* **Task prompt**: Reprint the lines below as they are, minus the pictures.

* **Source data**:
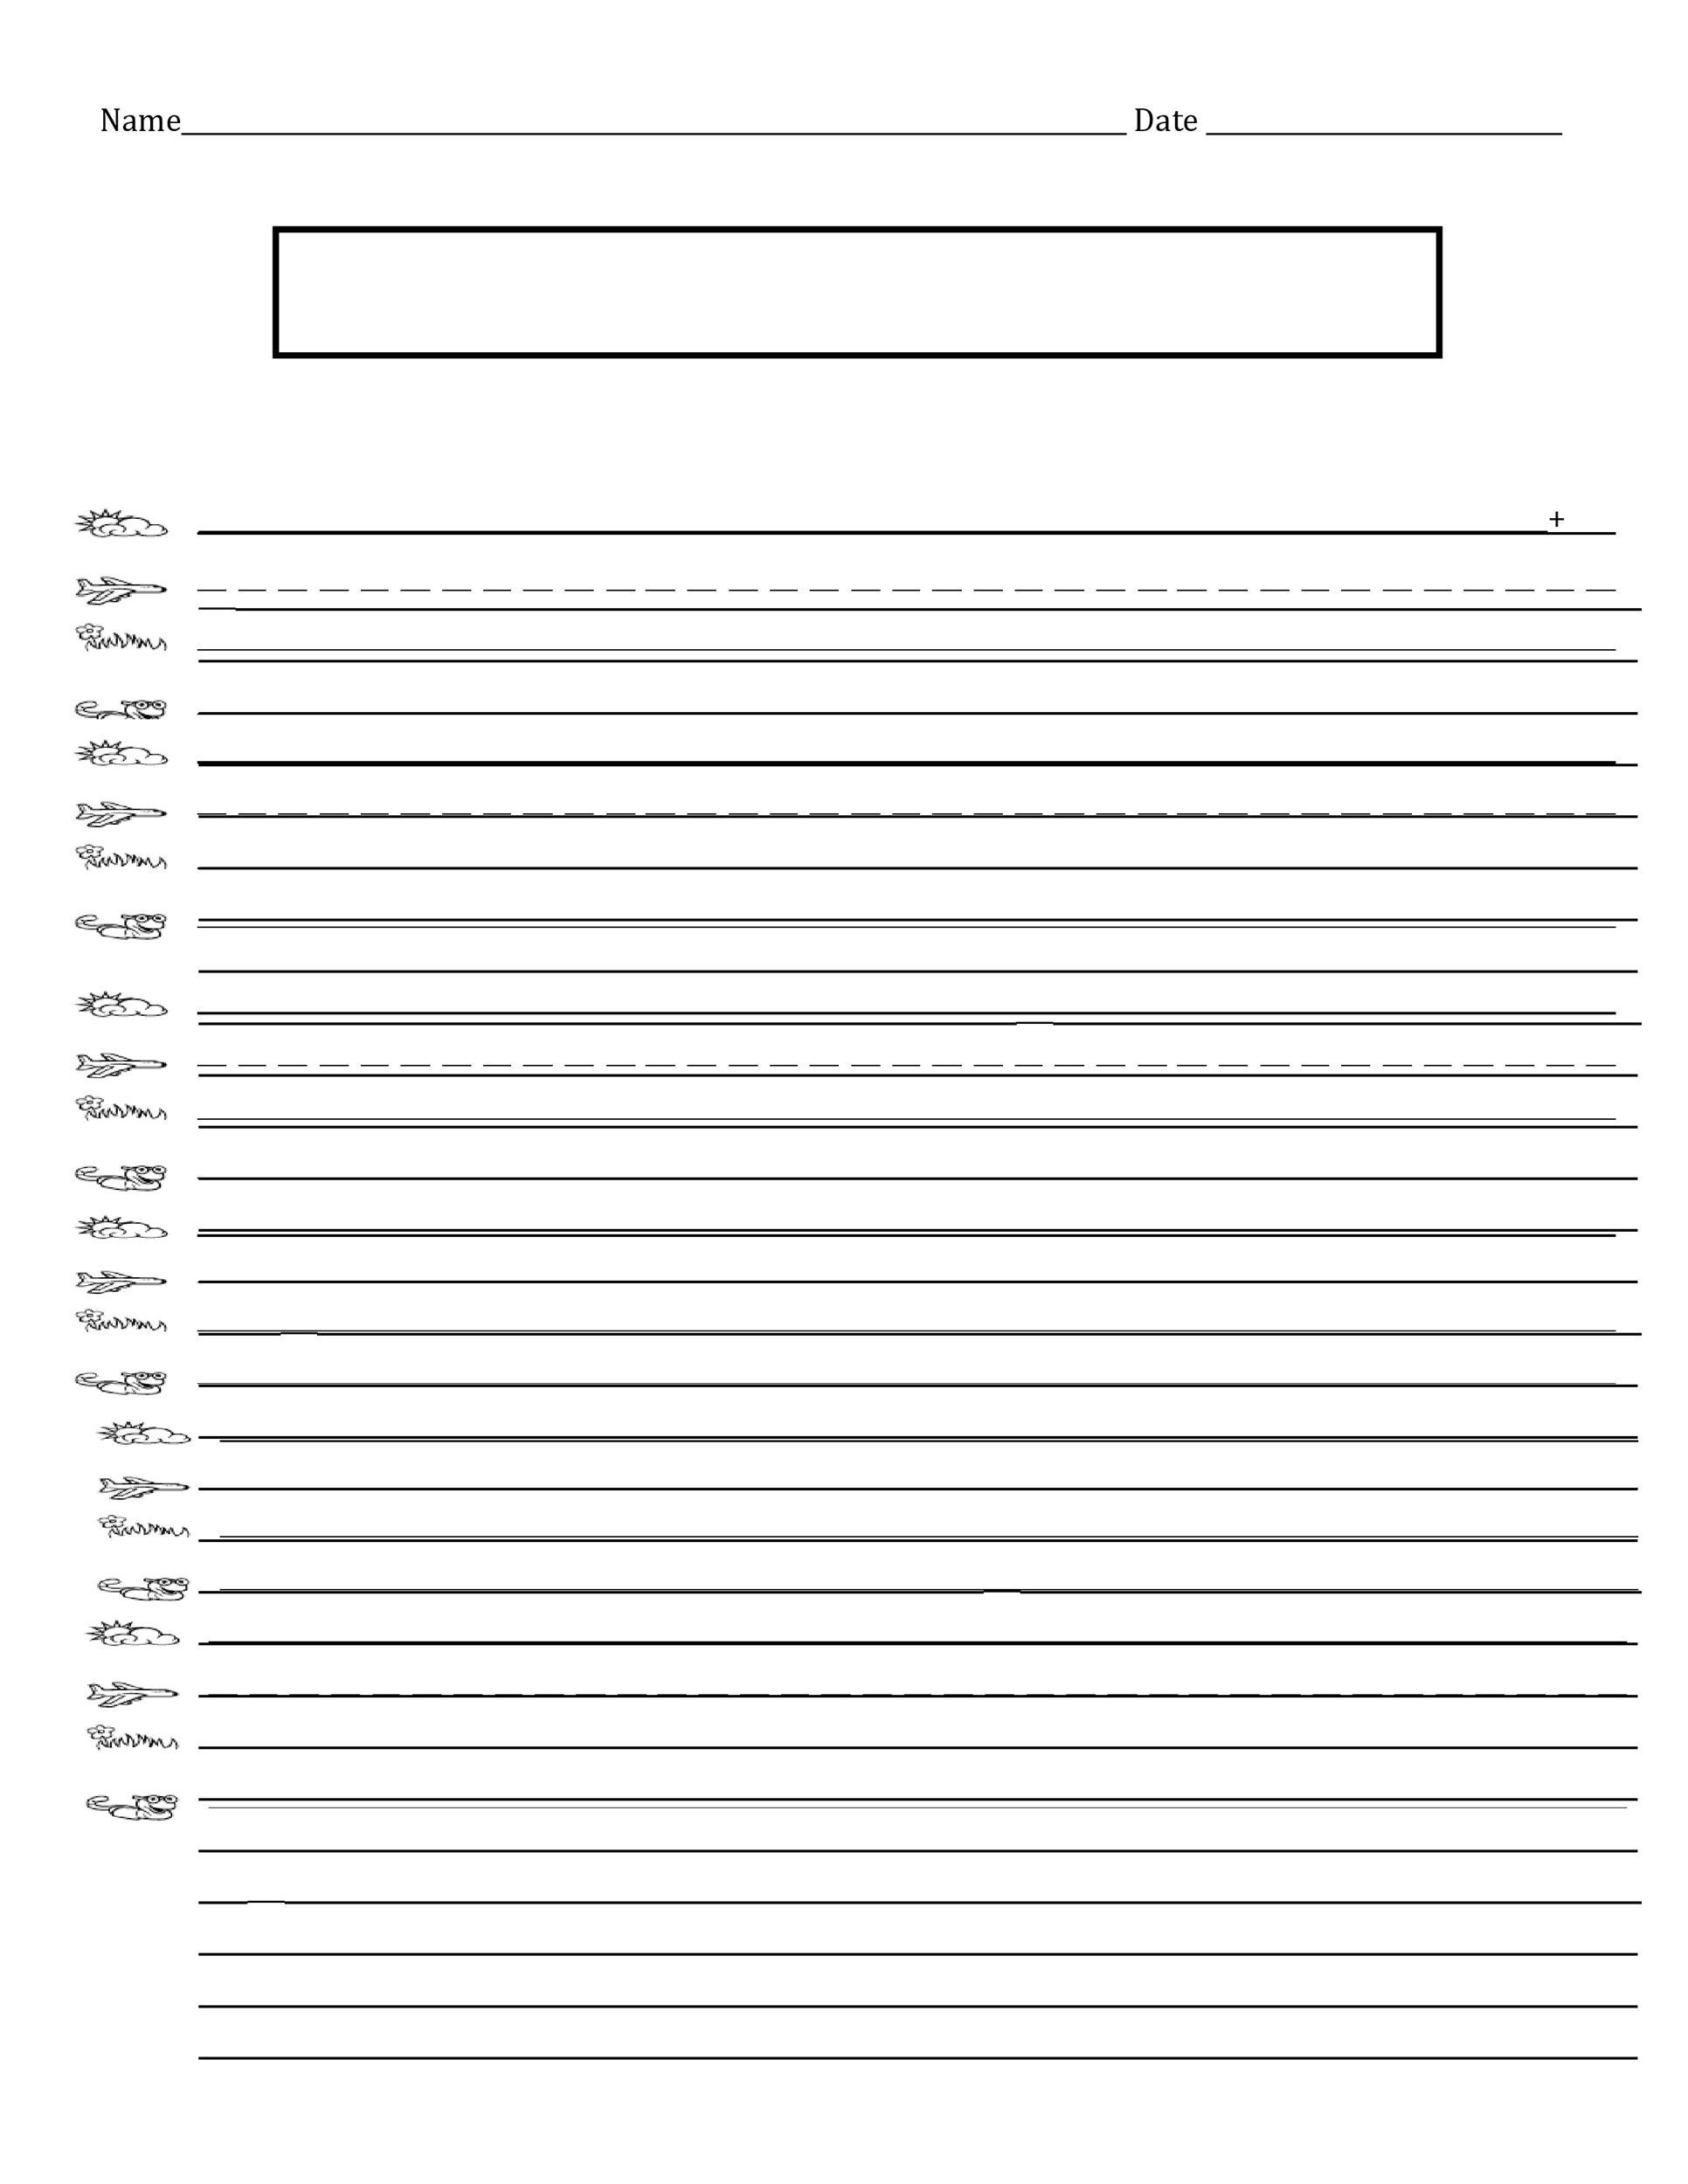 download-printable-lined-paper-template-narrow-ruled-14-inch-pdf-printable-lined-paper-jpg-and
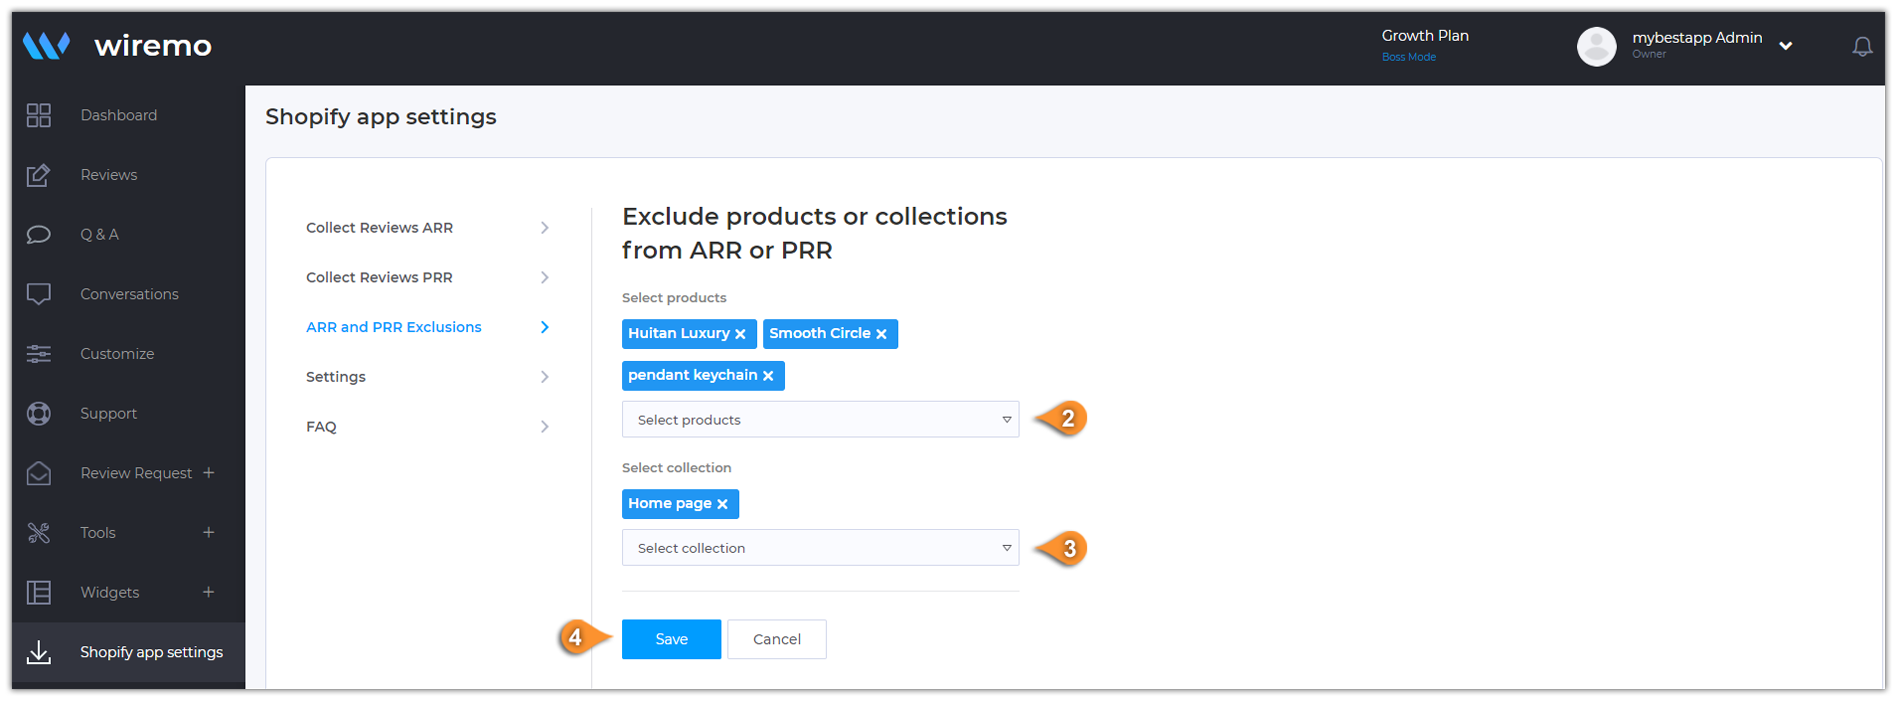 How to exclude products or collections from review request campaigns in the Wiremo app for Shopify
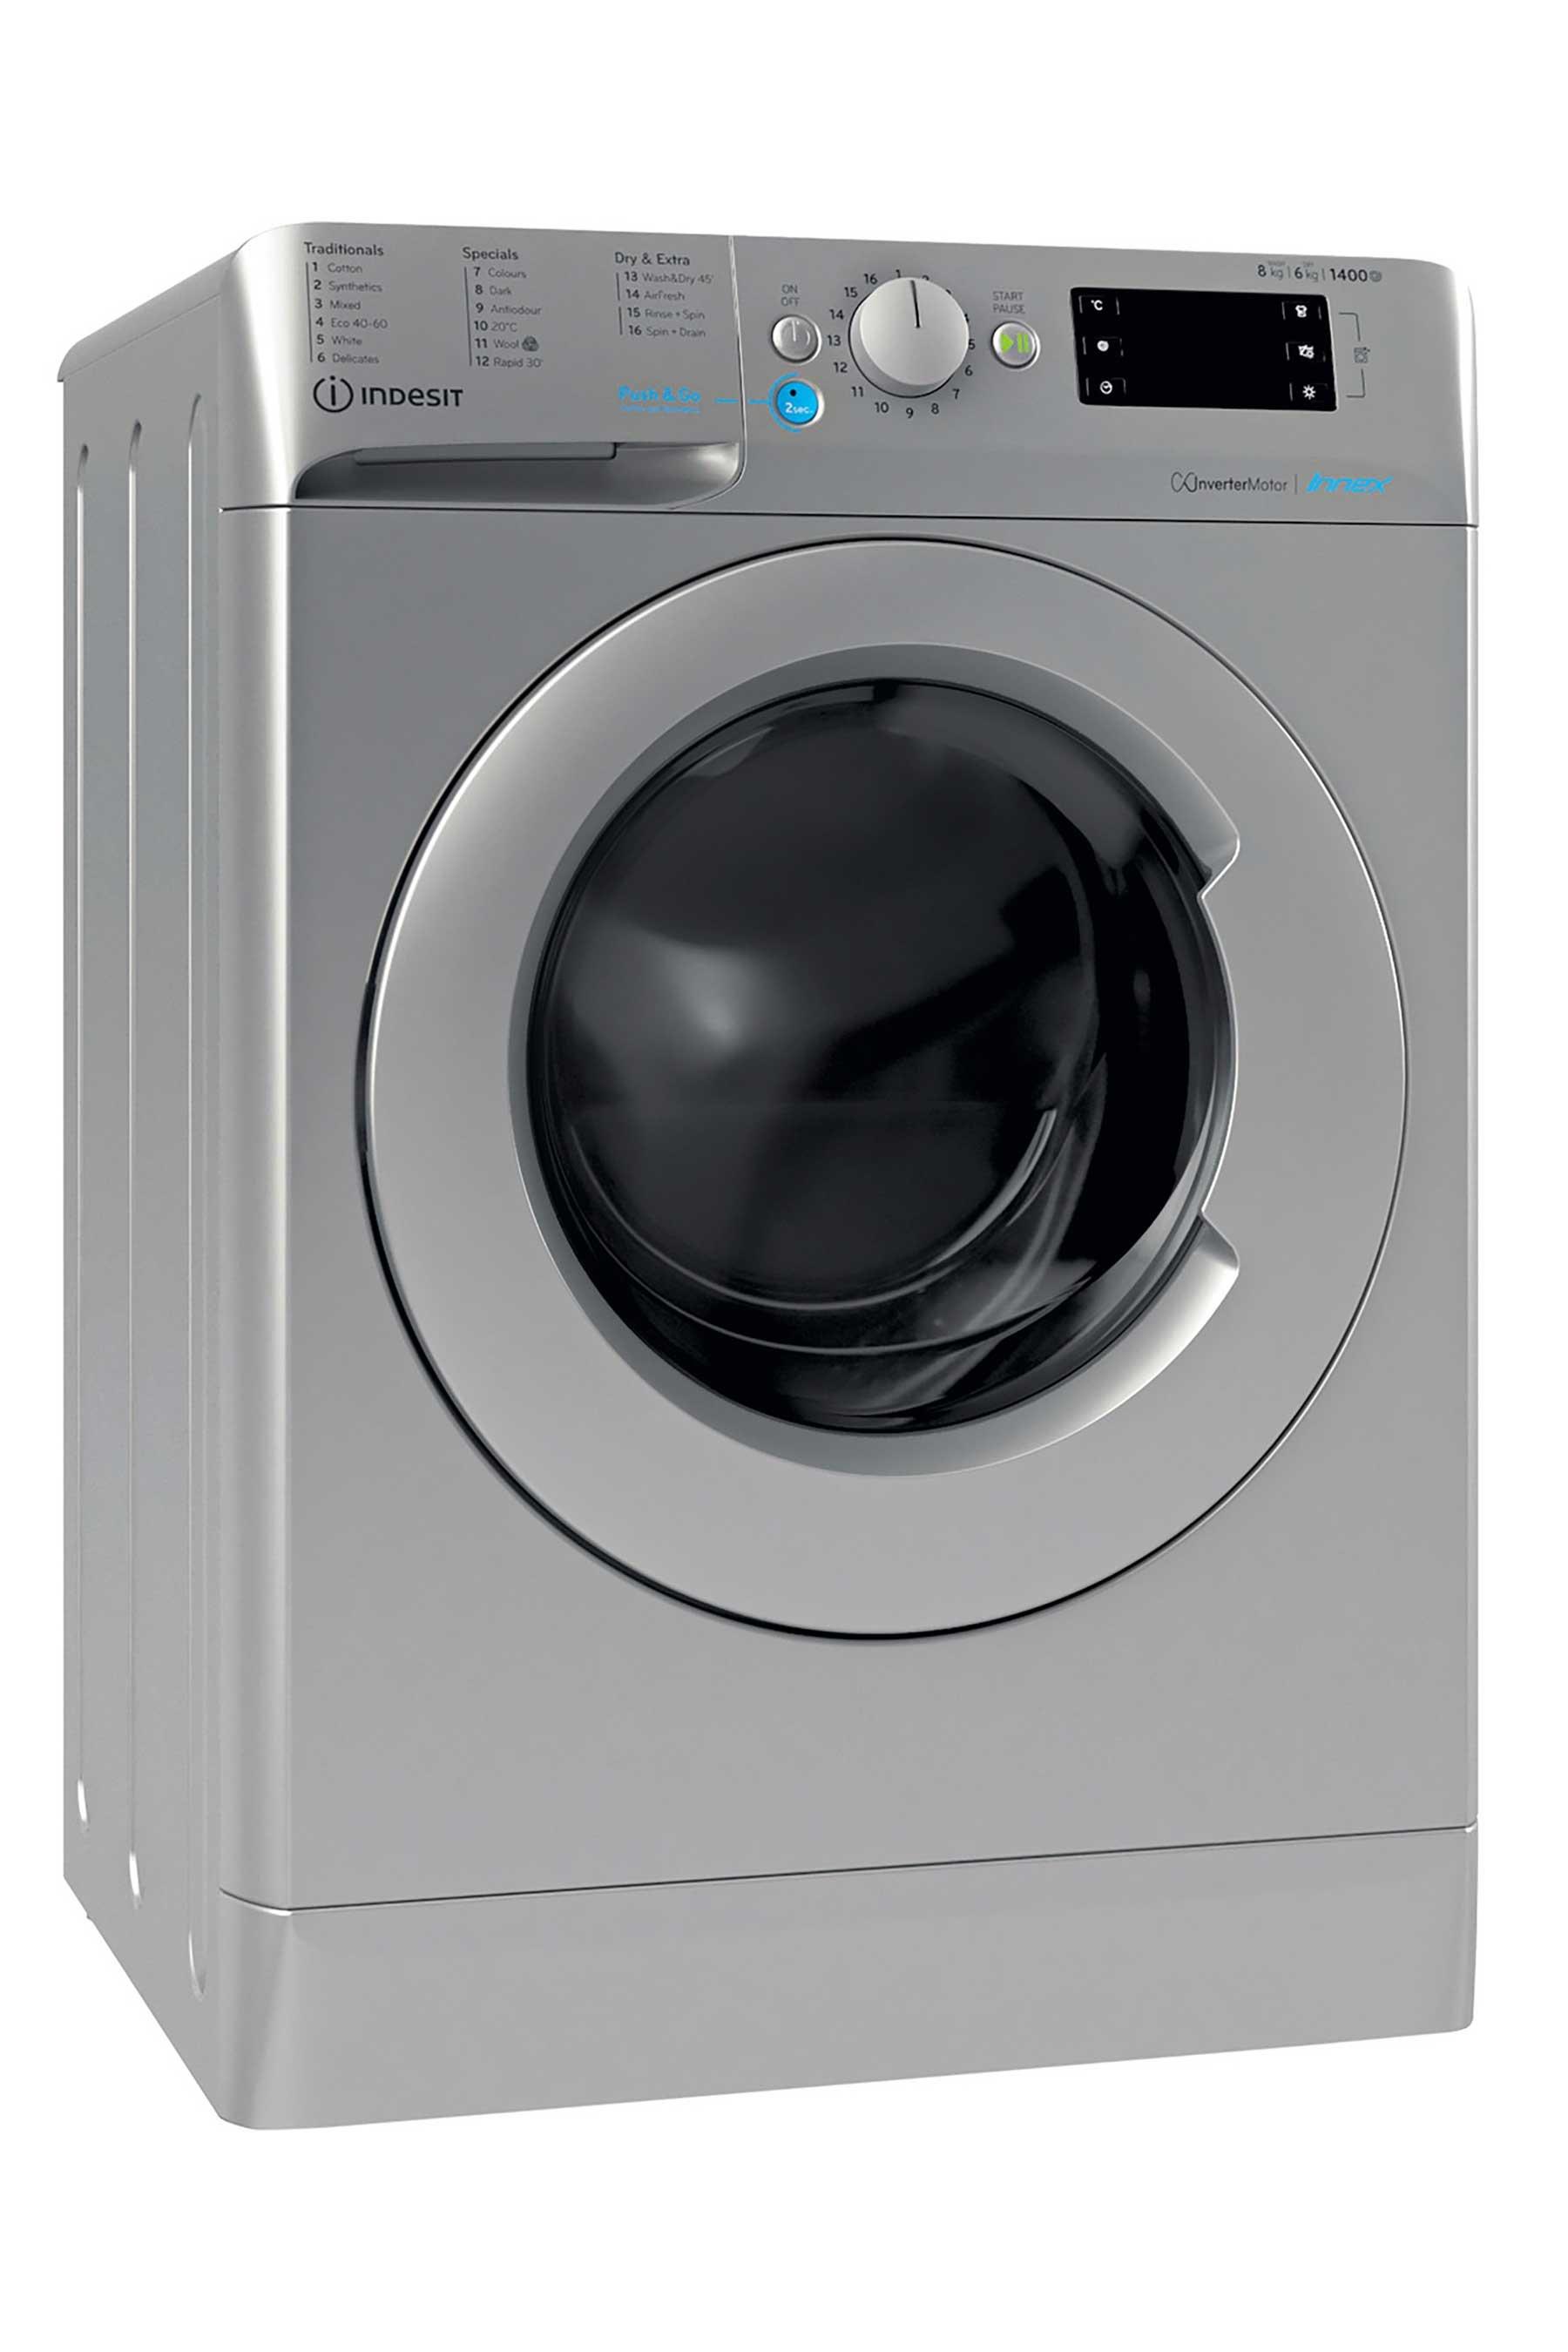 Indesit Push&Wash: One-Button Operation for Simple Laundry

* **Task solution**:
 download-printable-lined-paper-template-narrow-ruled-14-inch-pdf-printable-lined-paper-jpg-and
 How to exclude products or collections from review request campaigns in the Wiremo app for Shopify
 Indesit Push&Wash: One-Button Operation for Simple Laundry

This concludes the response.